How Are City Websites Supporting Residents? Insights to the Experience, Quality, and Performance of US City Websites

In our report with our partners OpenCities and CommonLook, “Better Websites. For All”, we analyzed over 700 city websites across the US to explore how cities are supporting the evolving needs of their residents. The elements that we examine in the report were website experience, quality, and performance. Here is a round-up of the areas explored in the report.

Easier Navigation is a Growing Focus

City websites are useful in supplying visitors with easy access to the more common information that they need and the top tasks that they execute on the site. This is done by displaying the top tasks and links displayed above the fold and providing a visible search box to help residents get to the information that they need, fast. However, this ease of navigation is not continued in mobile websites, with only 37% of cities having top tasks displayed prominently on a mobile device.

Room for Improvement With Accessibility

Despite cities supporting residents from all walks of life and the need for accessibility through legislation like Section 508 of the Rehabilitation Act 1973, only 53% of websites had an accessibility score that demonstrated compliance with WCAG 2.1, level AA. Less than 1% of cities could boast an excellent accessibility score and 46% needed improvement.

Ready for Mobile Interaction

City websites don’t just offer information to residents, but they also act as a self-service portal for residents to pay bills, submit applications, or report issues. And with around 50% of all traffic to government websites coming from mobile devices, these transactions should be executable via mobile. By looking at just the task of submitting a report online, we found that 73% of websites allow users to report an issue from start to finish via mobile.

Progress to be Made on Progressive Web Apps (PWA)

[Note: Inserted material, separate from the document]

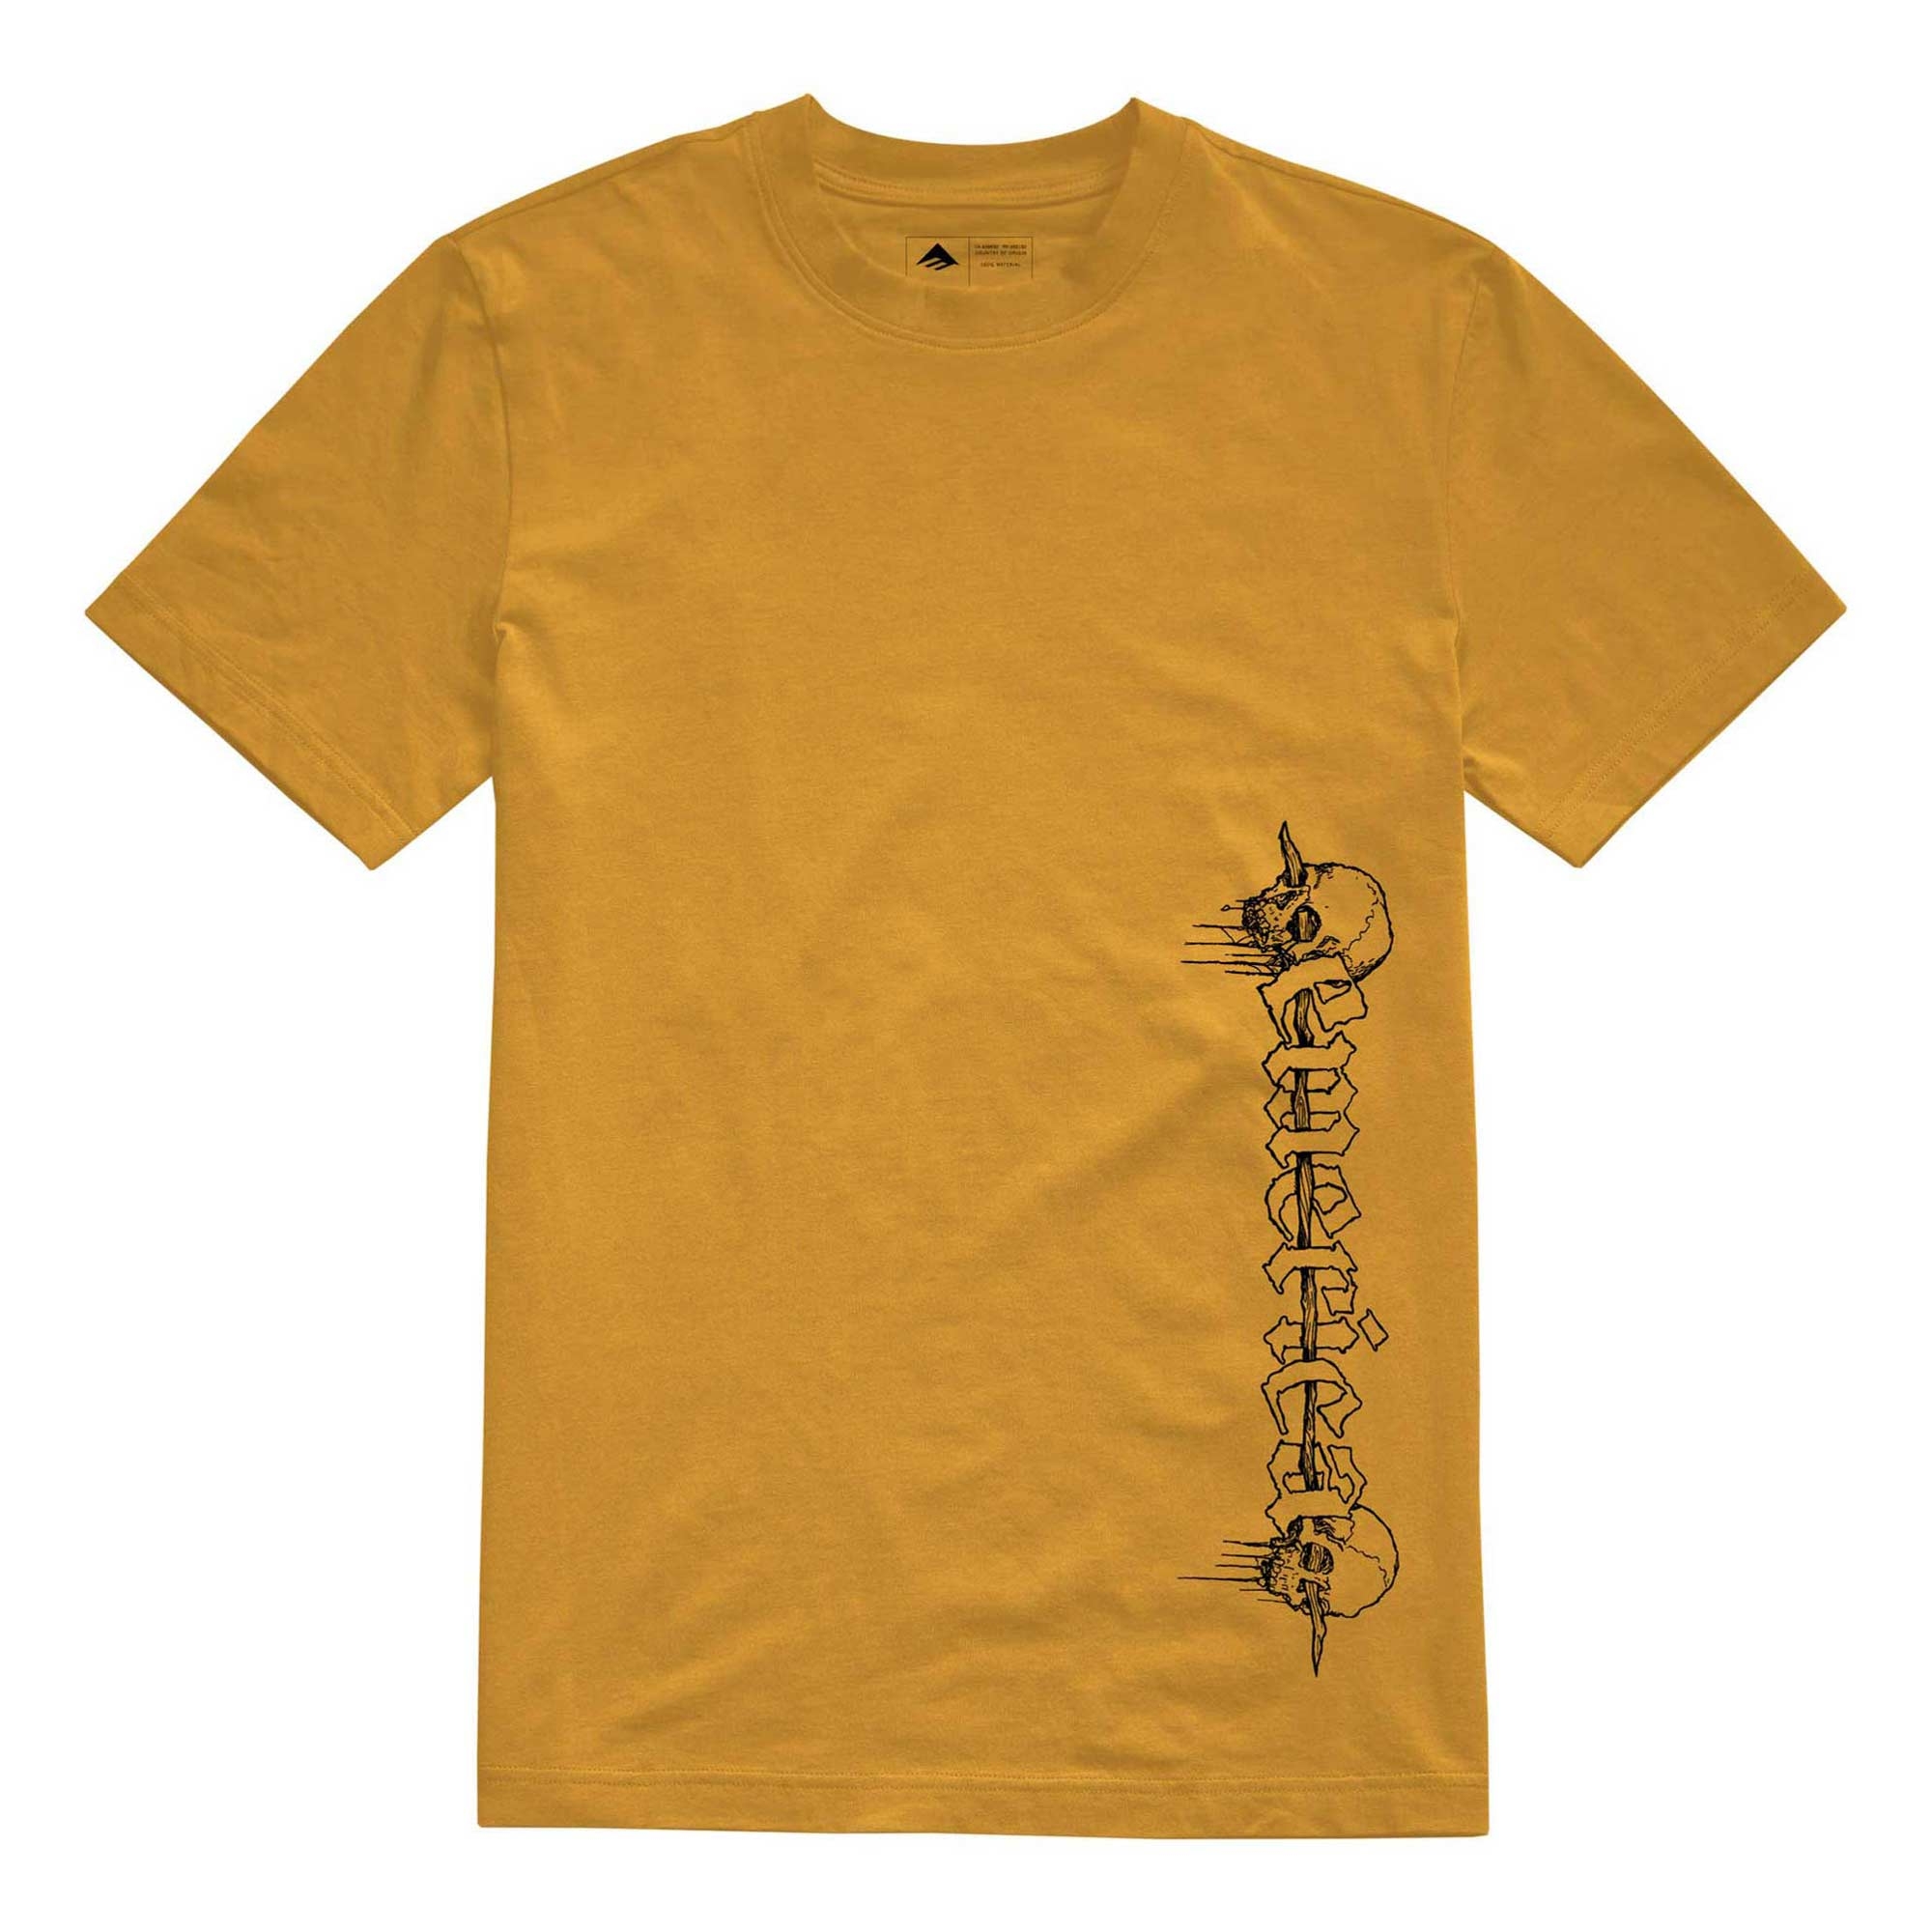 EMERICA T-Shirt SPIKED S/S gold

Websites built as Progressive Web App (PWA) combine the best of both worlds from mobile apps and mobile websites. PWAs are based on websites, but they are designed to behave like apps on mobile devices and can be bookmarked to the home screen of a mobile device much like an app. For city websites, PWAs are useful as it offers residents a consistent web experience, besides allowing for mobile-specific features like push notifications and offline browsing. However, only 3% of city websites function as a PWA.

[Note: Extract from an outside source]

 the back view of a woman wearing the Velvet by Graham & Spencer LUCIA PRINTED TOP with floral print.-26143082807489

High on Quality Assurance Process, Low on Readability

More than half the websites demonstrated good quality assurance processes for eliminating common web issues like broken links, broken images, and misspellings. The readability level of the websites, however, was not aligned with the average reading level of the American adult. 88% of the websites were on a college reading level when the average reading level is at an 8th-grade level. Lowering the content readability to the national average can help websites be more inclusive to their residents.

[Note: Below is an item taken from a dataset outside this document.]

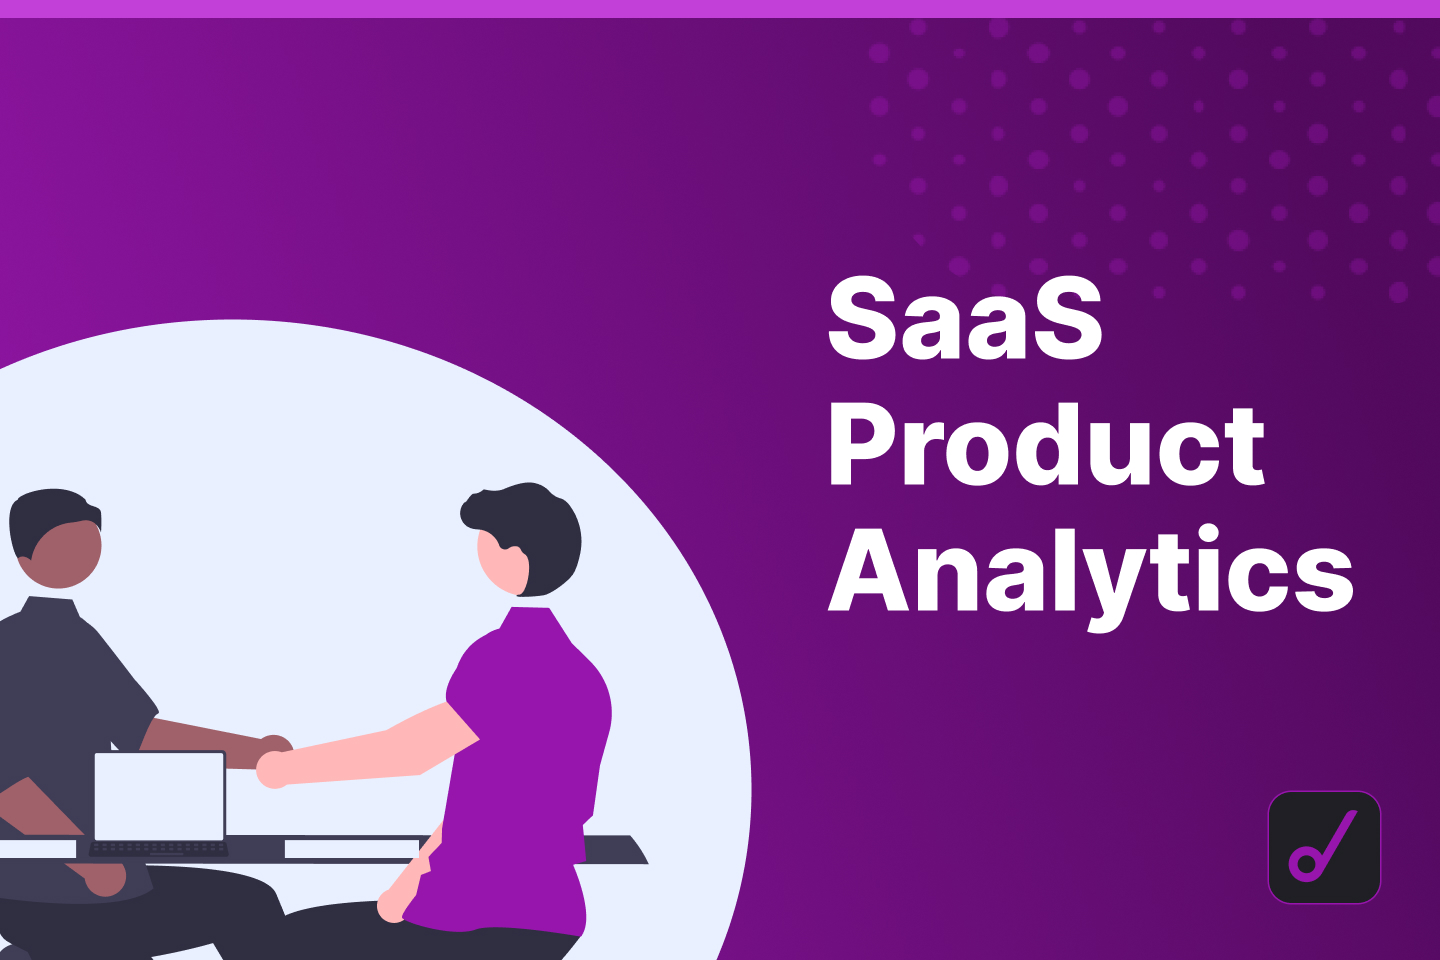 A Complete Guide To SaaS Product Analytics

Poor Performance is Prevalent

The city websites examined were, unfortunately, lacking on the performance front. The average Google Lighthouse Performance Score on the homepage of city websites is poor at 45.59, with nearly 2/3 of cities falling within the lowest score of 0-49. Cities also fell short on server response times with an average score of 1530ms, as compared to the industry average of 600ms.

Takeaways

With cities becoming increasingly diverse and in the wake of recent events like COVID-19, residents’ reliance on the web has only increased. City web teams need to consider the diversity of their residents, the behavior of the modern web user, and their expectations on how a website should perform. Faster, more inclusive web experiences across various devices are here to stay, and cities need to be able to evolve and adapt to these changes if they want to still be relevant and useful.